Citing reports that Hillary Clinton loaned her campaign $5 million before Super Tuesday, the officially "neutral" U.S. Sen. Tom Harkin, D-Iowa, today said that financial revelation placed "dark clouds" over Team Clinton, perhaps showing that the presidential candidate from New York is in some measure "running on fumes."

According to the Associated Press, Clinton acknowledged Wednesday that she loaned her campaign $5 million late last month as Obama was outraising and outspending her heading into the Feb. 5 Super Tuesday contests.

"That's very interesting," Harkin told Iowa Independent and other media on a conference call Thursday. "And that's before Super Tuesday. You wonder if their campaign is running on fumes."

Harkin added, "I think there are some real dark clouds there on that."

A veteran U.S. senator, Harkin -- who is also a superdelegate at the Democratic National Convention in Denver in late August -- continued to tell reporters he was neutral and at one point joked that he would not reveal his hand regardless of how "ingenious" media members were with framing their questions to Harkin on the matter.

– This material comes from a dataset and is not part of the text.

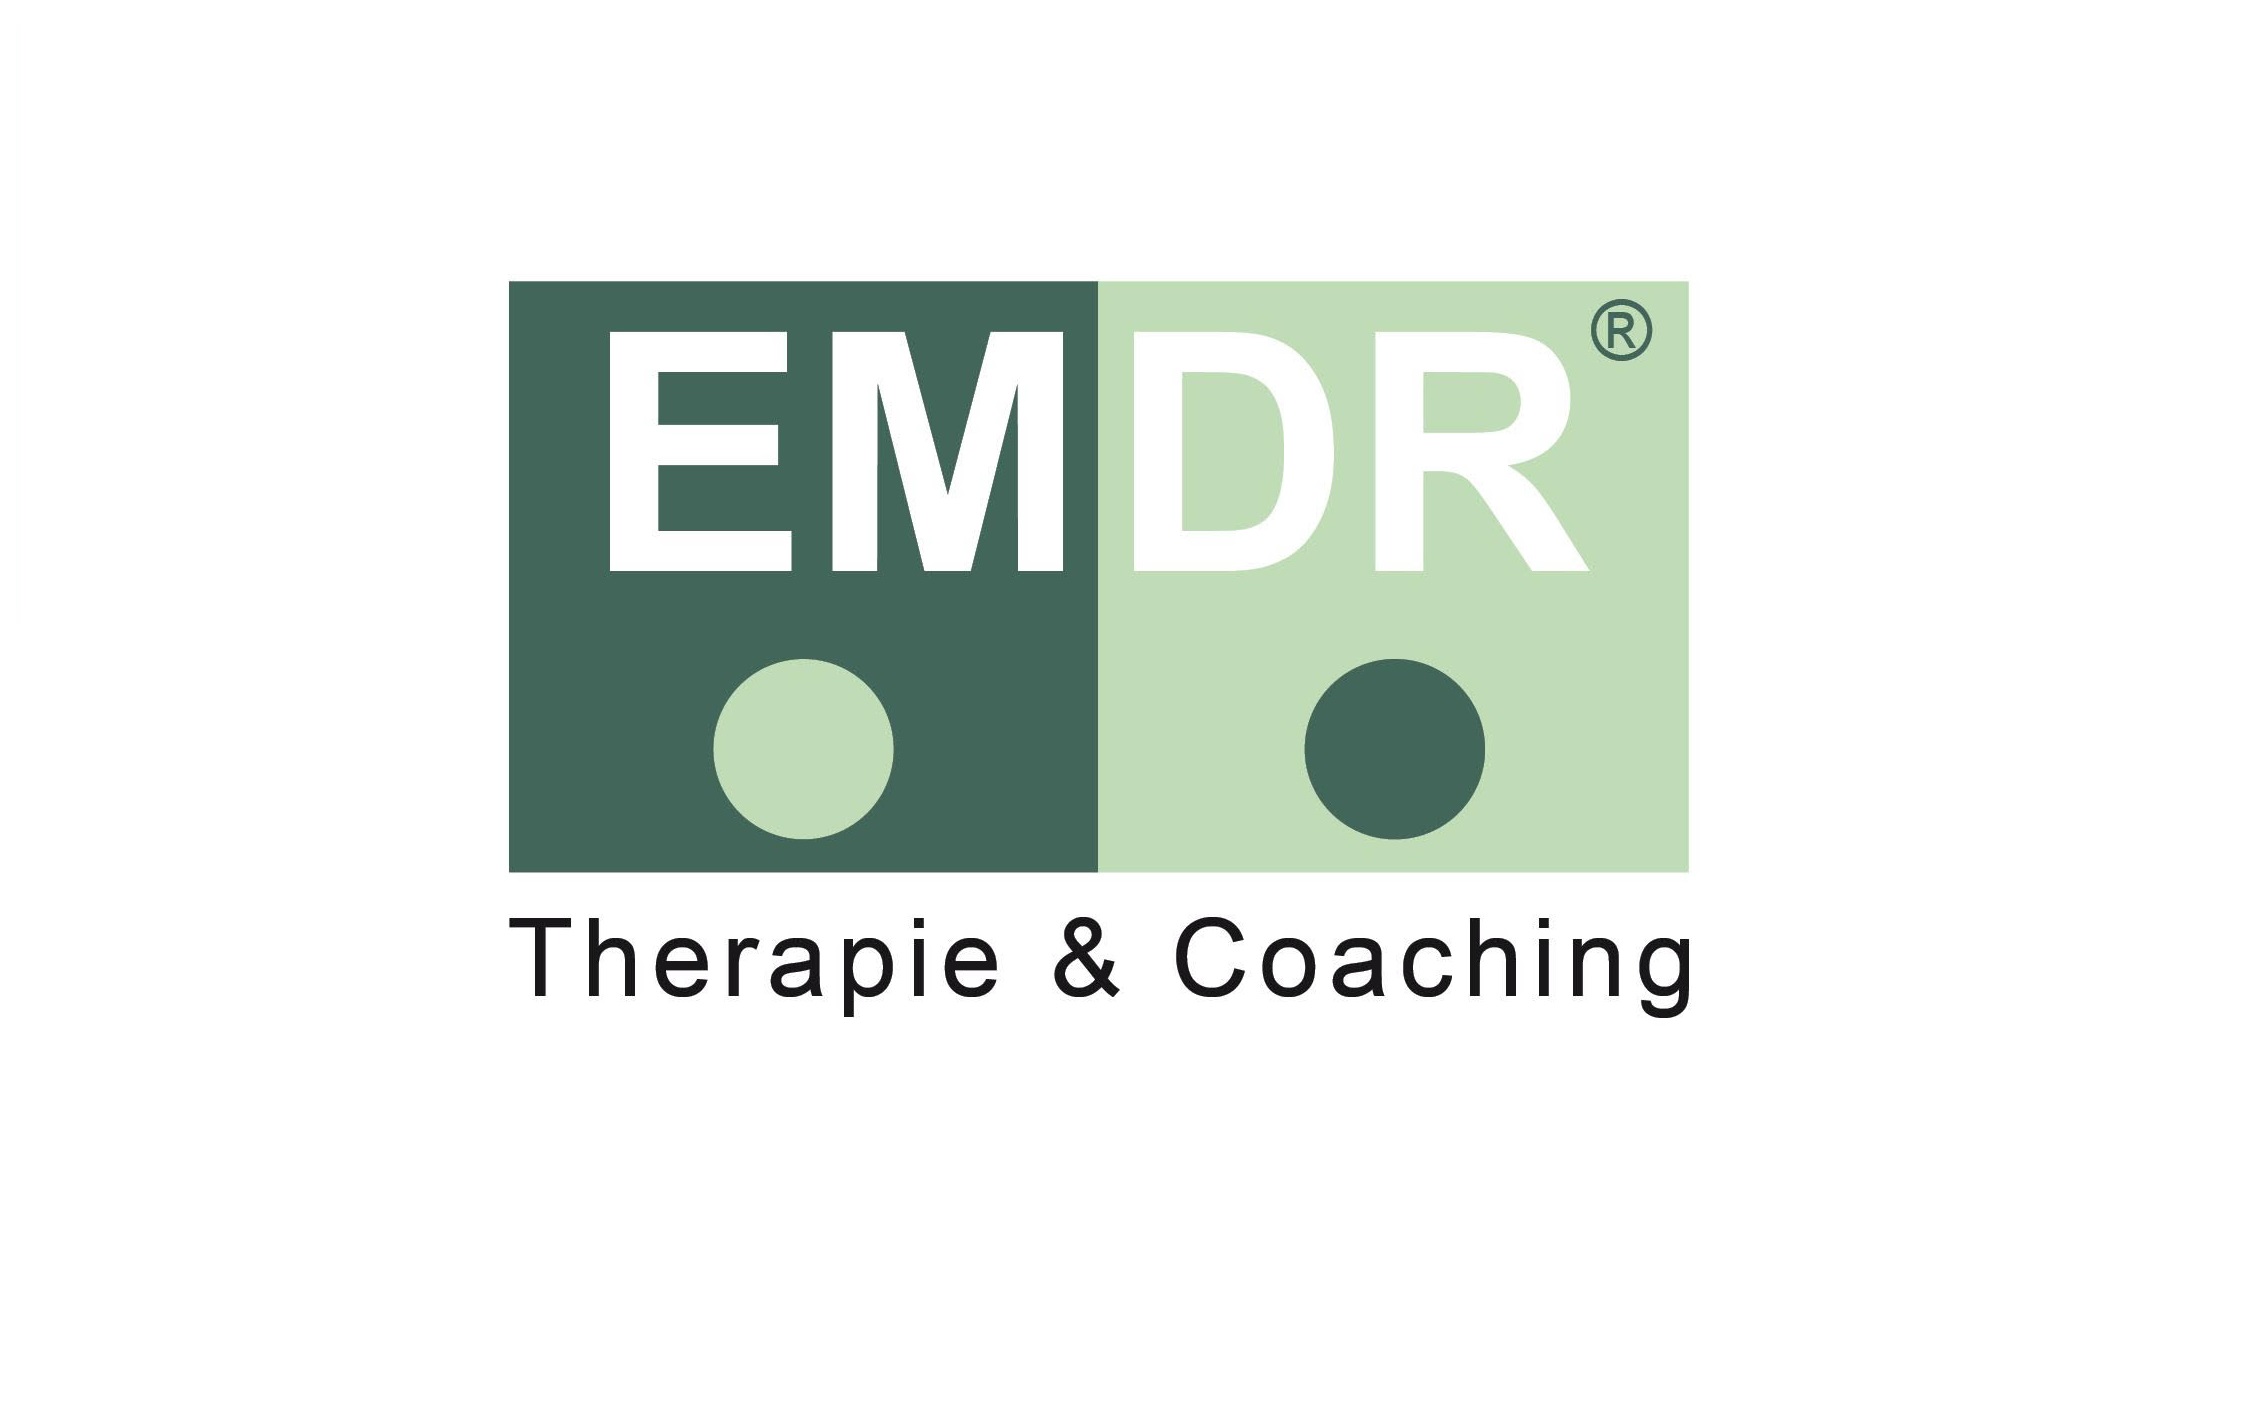 EMDR Therapie & Coaching

"I haven't made up my mind yet," Harkin said. "I'm still neutral in this race and I intend to stay that way."

Harkin did not endorse a candidate before the 2008 Iowa caucuses -- as he did in 2004 when Harkin stood behind third-place finisher Howard Dean on the stage during the infamous speech by the Vermonter, now the head of the Democratic National Committee.

Having known Harkin since the 1970s (he helped secure certain details of my little sister's arrival as a Vietnamese immigrant) I told the senator my instinct is that he's an Obama man.

"I'm neutral," Harkin said.

But moments later he made a number of statements that might indicate otherwise. The senator even went so far as to suggest that U.S. Sen. Barack Obama, D-Ill., might be better prepared for the presidency than Clinton because he has served both as a federal and state legislator.

"Don't discount that," he said of Obama's time in the Illinois Senate. "That's sort of down at the nitty gritty level where you really have to work with people."

Harkin also noted that Hillary Clinton (elected in 2000) has been in the Senate just four years longer than Obama (elected in 2004).

"Four years, does that make that much difference?" Harkin asked.

Said Harkin: "I think they both have the necessary experience and background."

I asked Harkin if the superdelegate process was fair, if it in fact amounted to some "netherworld, English House of Lords" elitist process that could negate the will of regular people -- people Obama and Clinton have been fighting for to gain at times is a razor's edge of advantage in some places.

"Maybe this is something the Democratic Convention ought to look at," Harkin said.